Un cyclone, des ruines… et une volonté de rebond
Le 7 mai dernier, dans l’auditorium de la CINOR, un souffle bien différent de celui du cyclone Garance parcourait la salle : celui de la résilience économique. Réunis autour de Pierrick Robert, président de la Chambre de commerce et d'industrie de La Réunion (CCIR), et Maurice Gironcel, président de la CINOR, les acteurs économiques et institutionnels de l’île venaient porter un message clair : ne pas laisser les entreprises sinistrées au bord du chemin.
Car après la fureur du vent, viennent les ruines, et surtout, les questions concrètes : comment rouvrir quand tout a été détruit ? Comment garder les salariés quand la trésorerie est exsangue ? À l’image d’un agriculteur regardant ses champs noyés sous la boue, de nombreux commerçants, artisans et dirigeants d’entreprises ont vu s’effondrer, en quelques heures, les efforts de toute une vie.
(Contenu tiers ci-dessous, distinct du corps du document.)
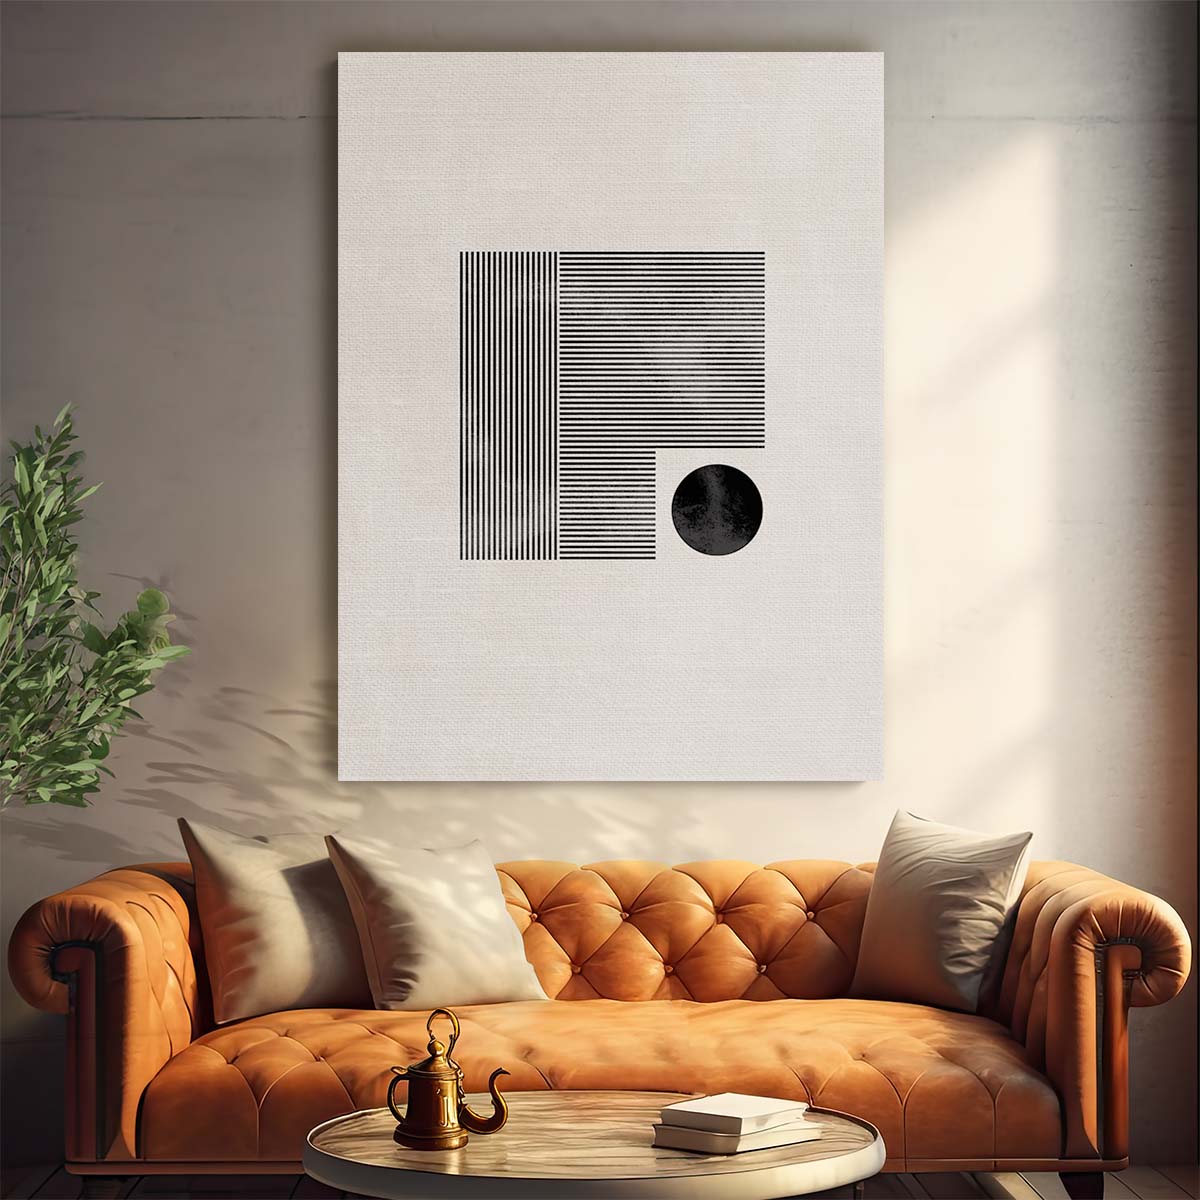 Abstract Geometric Line Art Illustration - Minimalist Square & Circular Shapes by Luxuriance Designs, made in USA

Dans ce contexte, l’initiative portée par la CCIR et la CINOR fait figure de boussole sociale et économique. Elle cherche à identifier rapidement les besoins, à fédérer les énergies et à faire en sorte que La Réunion, île cyclonique dans sa géographie mais non dans son destin, reparte vite et mieux. Les instances présentes ont préféré l’action aux discours—et cela change tout.
Un plan d’action pour transformer l’urgence en opportunité
L’essentiel du plan d’action, bien que présenté de façon succincte, repose sur des mesures concrètes et ciblées. Il s’agit, avant tout, de permettre aux entreprises de reprendre leur souffle — pas dans six mois, mais maintenant. Il est notamment question de soutien administratif et technique, crucial pour naviguer dans la complexité des déclarations d’assurance ou des démarches de reconstruction.
Des allègements fiscaux, ou du moins des facilités temporaires, sont envisagés. Imaginons un restaurateur du centre-ville de Saint-Denis dont il ne reste que les murs. Sans étalement de charges, sa survie économique est condamnée. Et ce plan vise donc à faire sauter ces verrous, à mettre en œuvre une logique de solidarité économique au même titre que la solidarité humaine qui s’est exprimée pendant et après le cyclone.
Parallèlement, des aides directes, tant en trésorerie qu’en matériel, devraient être mobilisées. Rien de magique – il ne s’agit pas ici de promesses hors de portée – mais de lignes budgétaires ciblées, à la fois publiques et peut-être privées, pour permettre une vraie relance. C’est l’esprit du plan : faire simple, faire vite, faire utile.
Une alliance institutionnelle au service du tissu local
Au-delà des mesures concrètes, c’est la méthode qui mérite d’être saluée. Rares sont ces moments où les représentants économiques et politiques parlent d’une seule voix. Ce fut le cas le 7 mai. Aux côtés de la CCIR et de la CINOR, plusieurs élus locaux étaient présents. Ce n’est pas anodin.
Pourquoi ? Parce que l’une des clés de la réussite de ce plan tiendra dans sa mise en œuvre locale. Les collectivités sont en première ligne pour identifier les priorités, parce qu’elles connaissent leur territoire, leurs forces vives, leurs failles. Ce travail en synergie—entre institutions, entreprises, communes—peut être comparé à celui d’une équipe de secours en montagne : chacun a son rôle, mais tous doivent avancer ensemble.
Les sinistres n’ont pas touché tout le monde de la même manière, et c’est cette hétérogénéité des besoins que ce plan essaie d'embrasser. Une boutique de textile à Saint-Paul n’a pas les mêmes urgences qu’un artisan boulanger à Sainte-Suzanne ou une société de transport basée au Port. Et c’est en adaptant les dispositifs aux réalités du terrain que la relance sera non seulement rapide, mais juste.
À travers cette réponse coordonnée, se joue aussi une part de notre conception de l’avenir. Le cyclone Garance, à l’image des autres catastrophes climatiques, est venu nous rappeler l’urgence de repenser nos modèles économiques, nos vulnérabilités, nos façons de produire. Ce plan d’urgence peut devenir plus qu’un pansement : un point de départ pour renforcer durablement notre économie locale.
À l’heure où les routes sont encore jonchées de feuilles et où les coques des commerces témoignent du traumatisme récent, voir les institutions locales s’engager avec autant de détermination est un signe fort. La réponse de la CCIR et de la CINOR ne se contente pas de mots ; elle trace une route vers la relance, épaisse et solidaire, capable d’aider chaque entrepreneur à remettre son entreprise debout. En apportant ses bras et ses idées aux côtés des sinistrés, ce plan nous rappelle quelque chose de fondamental : à La Réunion, l'économie n’est pas un tableau d’Excel. C’est la vie des gens.